La facciata esterna del Teatro fu arricchita di dettagli decorativi – come lesene e capitelli ionici – che le conferirono un aspetto elegante, sobrio e raffinato; quella stessa coerenza stilistica si ritrovava nell’eleganza degli interni, sebbene più sfarzosi, impreziositi da affreschi, festoni e fregi di cartapesta dorata, per non parlare del sipario decorato da un dipinto a tempera raffigurante l’ingresso di Azzone Visconti a Lecco. Tale ricercatezza rifletteva lo status dei committenti: il Teatro fu voluto da un’élite ristretta di famiglie lecchesi, nobili e dell’alta borghesia, che ne richiesero la costruzione proprio in piazza Garibaldi, nell’area nota un tempo come “El Pràa”.

Il Teatro della Società fu ufficialmente inaugurato il 23 ottobre 1844, con la tragedia lirica “Anna Bolena” del compositore Gaetano Donizetti. Nel corso della sua storia, è stato oggetto di diversi interventi di ampliamento, ristrutturazione e restauro, che gli hanno donato il suo aspetto attuale. Primo tra questi fu l’aggiunta dell’ala laterale sinistra, progettata in stile umbertino dagli ingegneri Riccardo Badoni e Attilio Bolla nel 1884. Seguì poi un’opera di restauro, reclamata da un comitato di cittadini che volevano evitarne la soppressione e avvenuta nel biennio compreso tra il 1967 e il 1969, dopo che l’edificio era stato chiuso nel 1951 poiché ritenuto pericolante e inagibile secondo le nuove norme del tempo.

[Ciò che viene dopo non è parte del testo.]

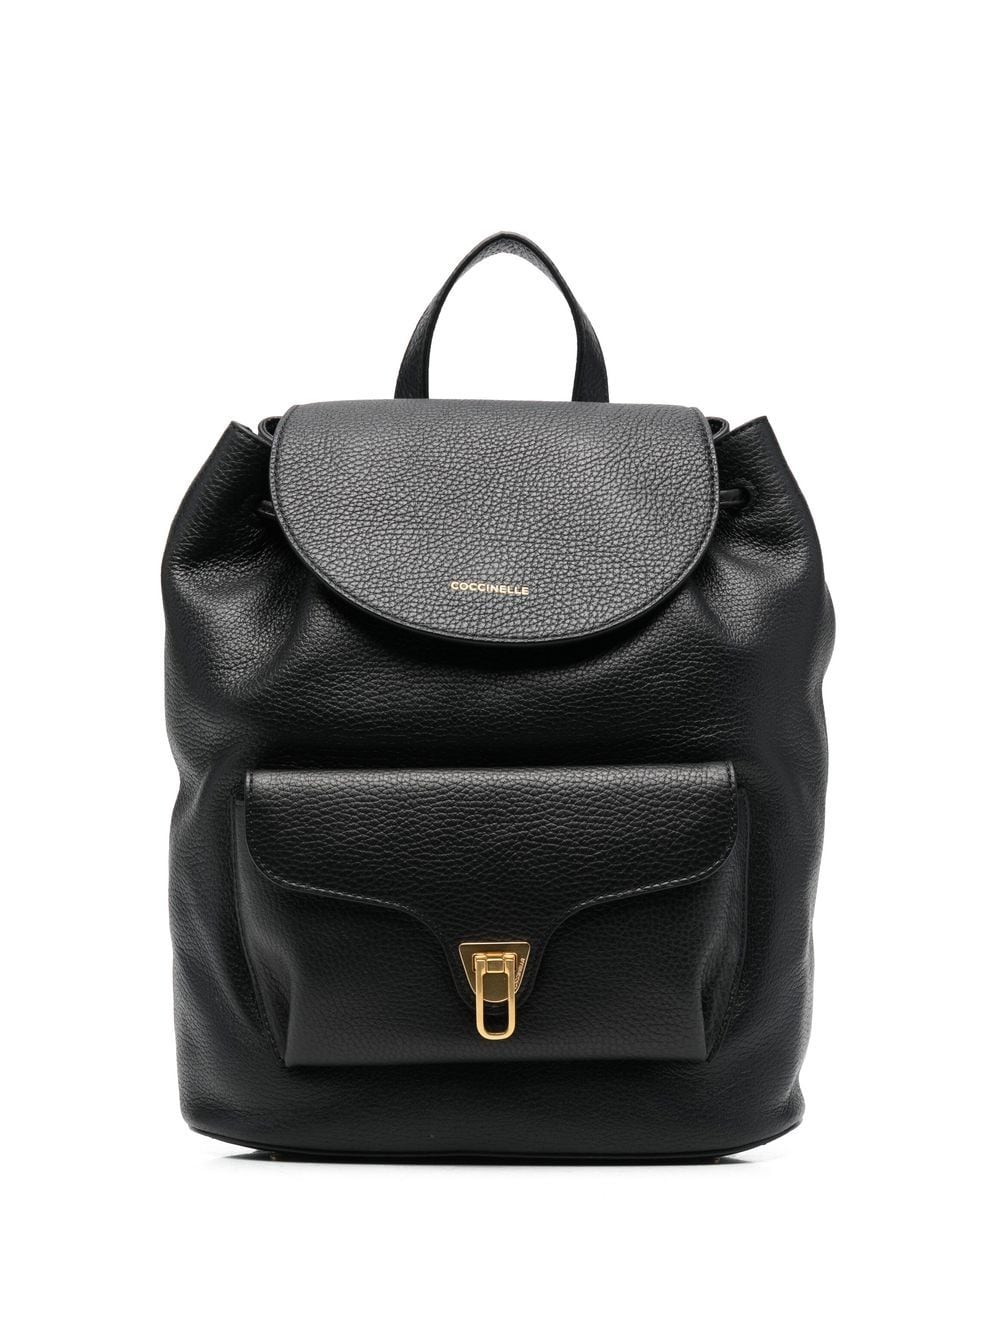 Coccinelle soft leather backpack - Black von Coccinelle
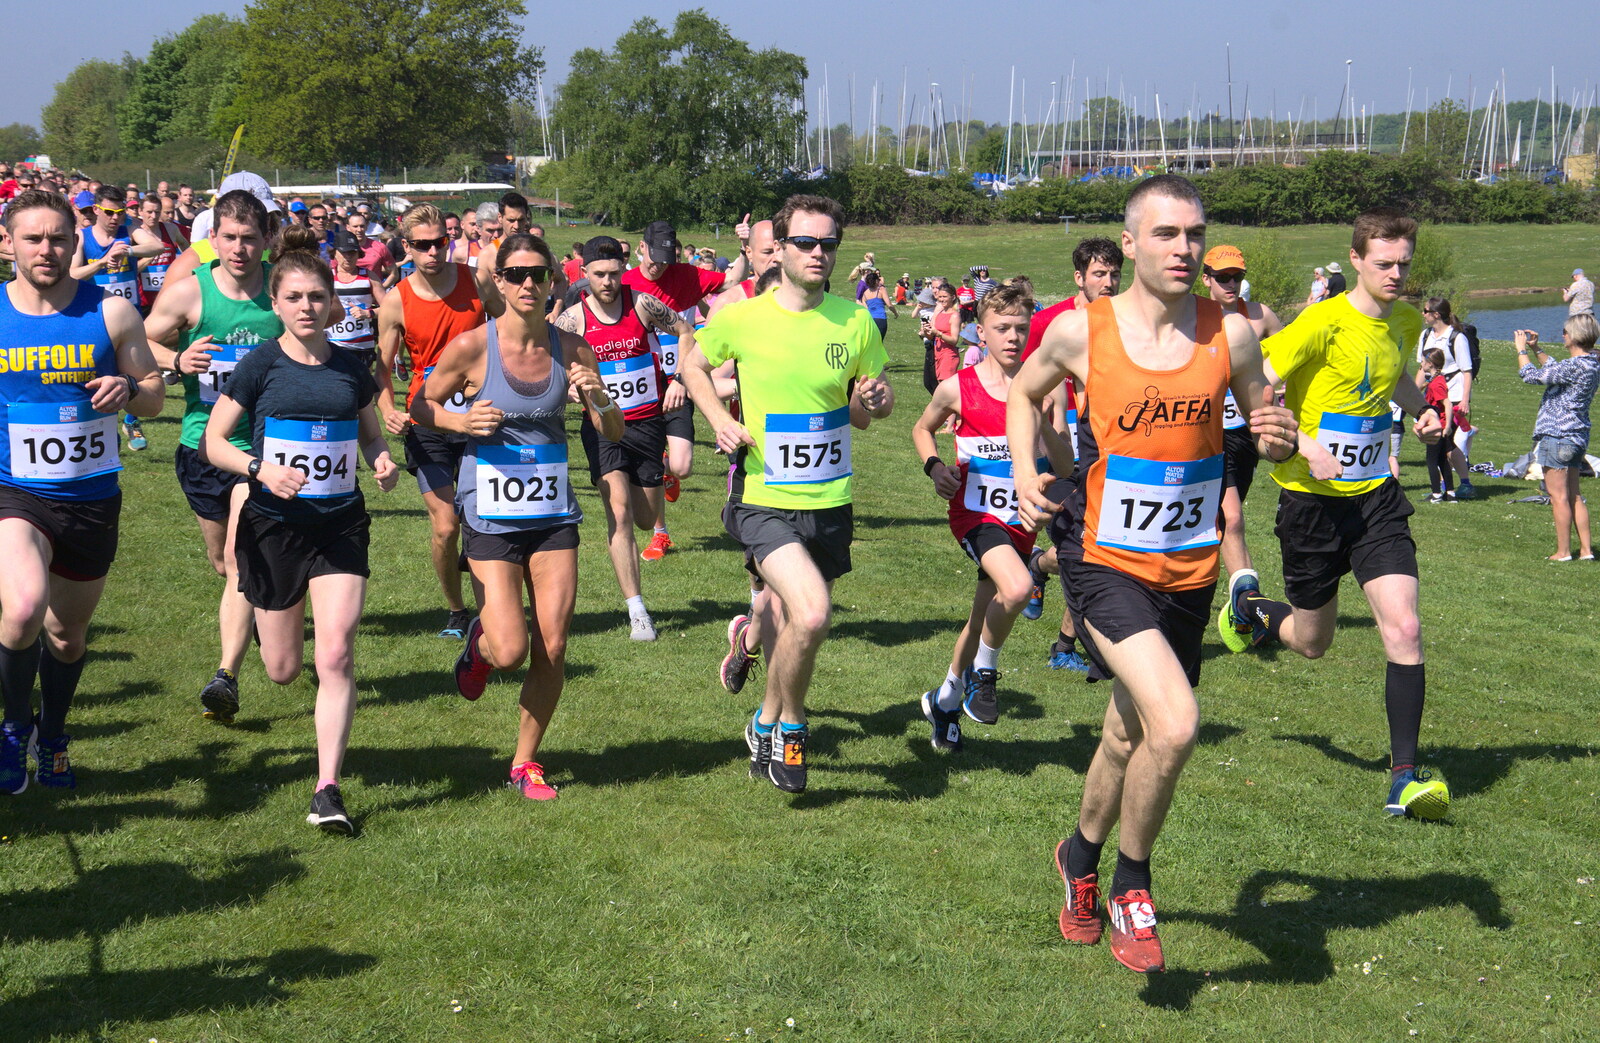 The serious runners go first from Isobel's 10km Run, Alton Water, Stutton, Suffolk - 6th May 2018
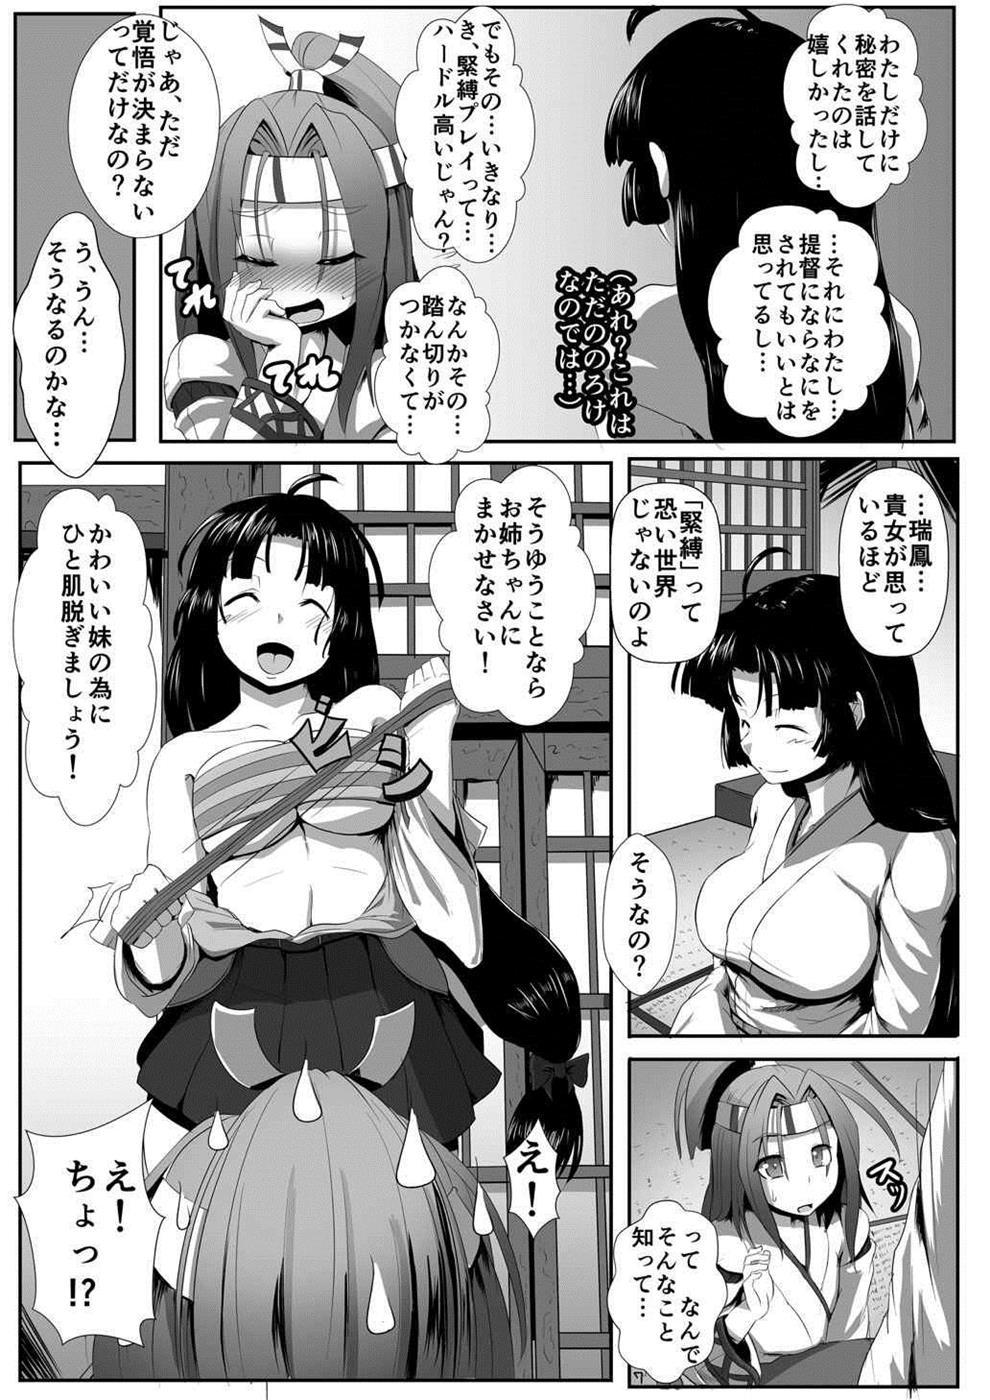 Pussy Fingering Zuihou Taberyu? - Kantai collection Thuylinh - Page 6
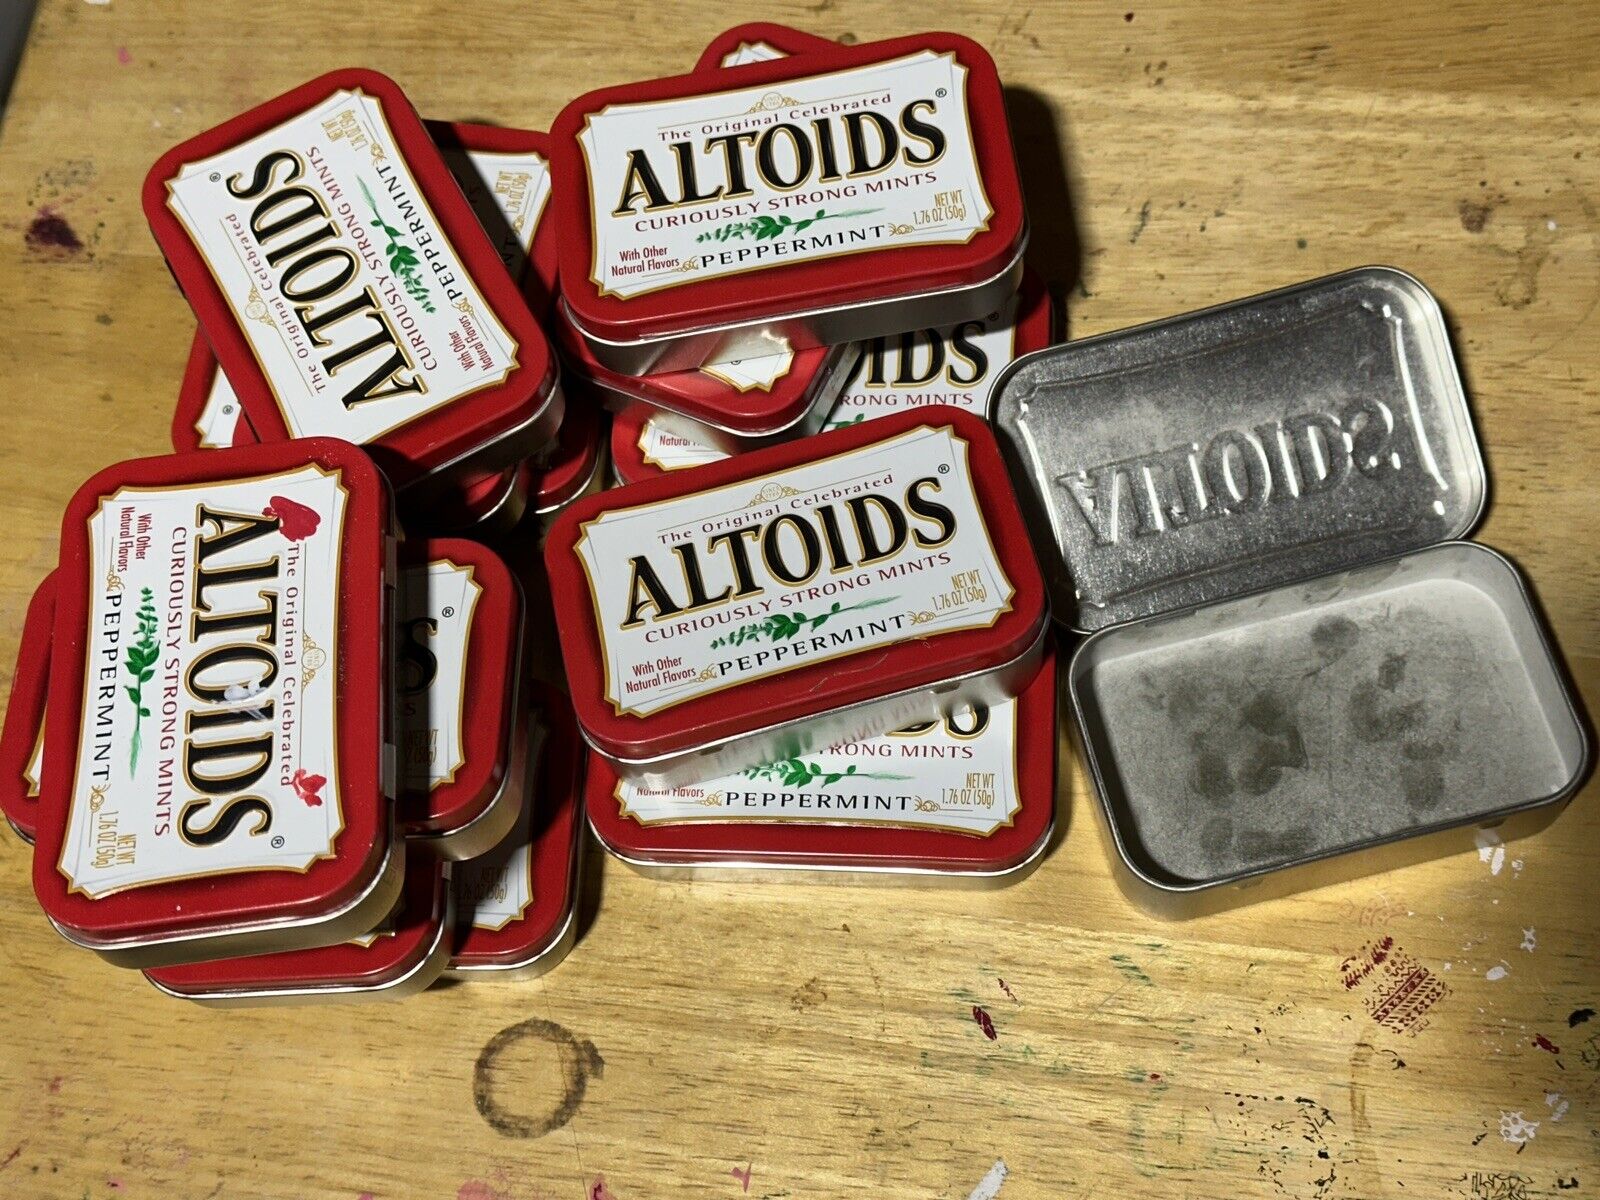 25 Altoids Tins - Empty - Red - Fishing Sewing Geocaching Crafts
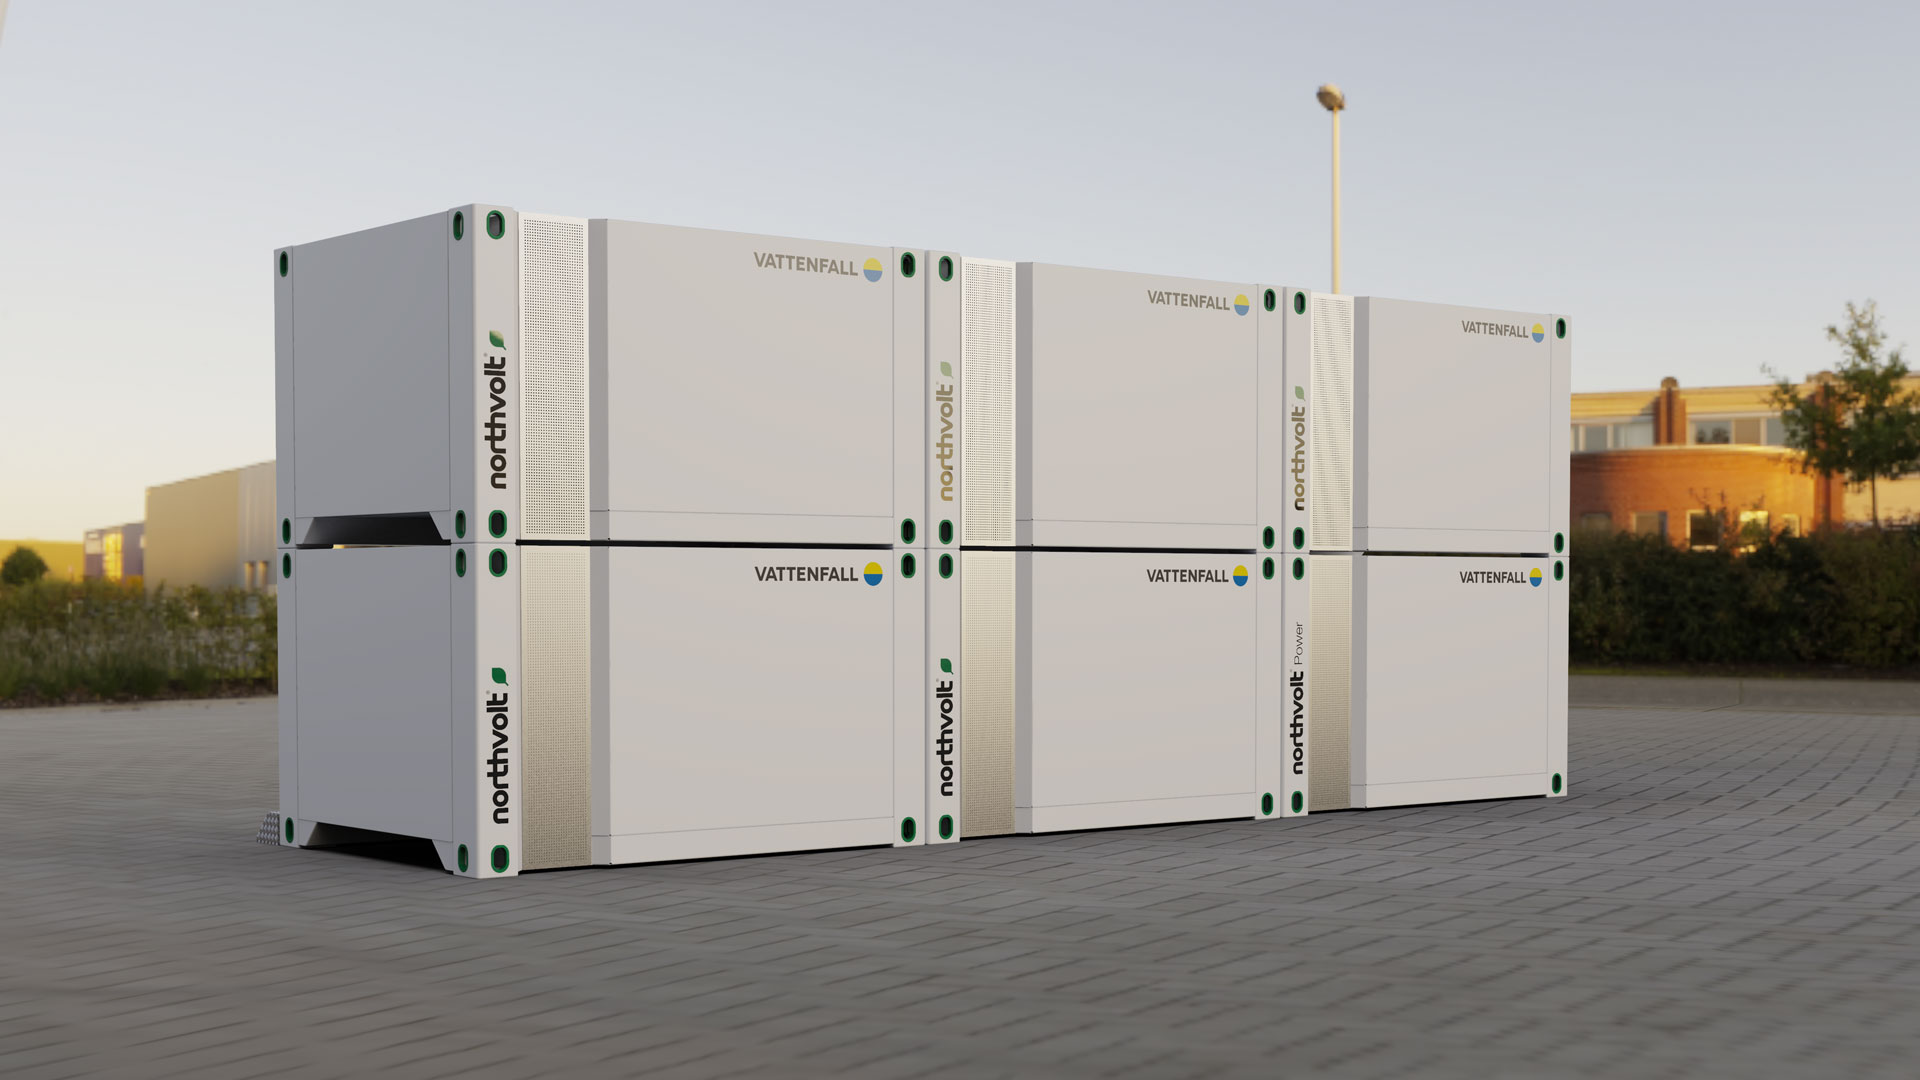 Vattenfall and Northvolt has launched a new battery energy storage solution, Mobile Voltpack

Sebbene l’intervento avesse reso il Teatro nuovamente accessibile, esso comportò la perdita degli affreschi sulla volta della sala, che rappresentavano putti e figure di ispirazione mitologica; il pittore marchigiano Orlando Sora corse ai ripari nel 1979 su incarico del Comune, ricoprendo la volta con un acrilico ritraente “Il teatro della vita”. In seguito alla gestione di una Commissione Amministratrice di nomina comunale fino al 1984, la struttura fu chiusa una seconda volta dal 1986 al 1995, a causa di lavori di adeguamento tecnologico e manutenzione straordinaria commissionati dall’Amministrazione Comunale (che aveva assunto la gestione diretta).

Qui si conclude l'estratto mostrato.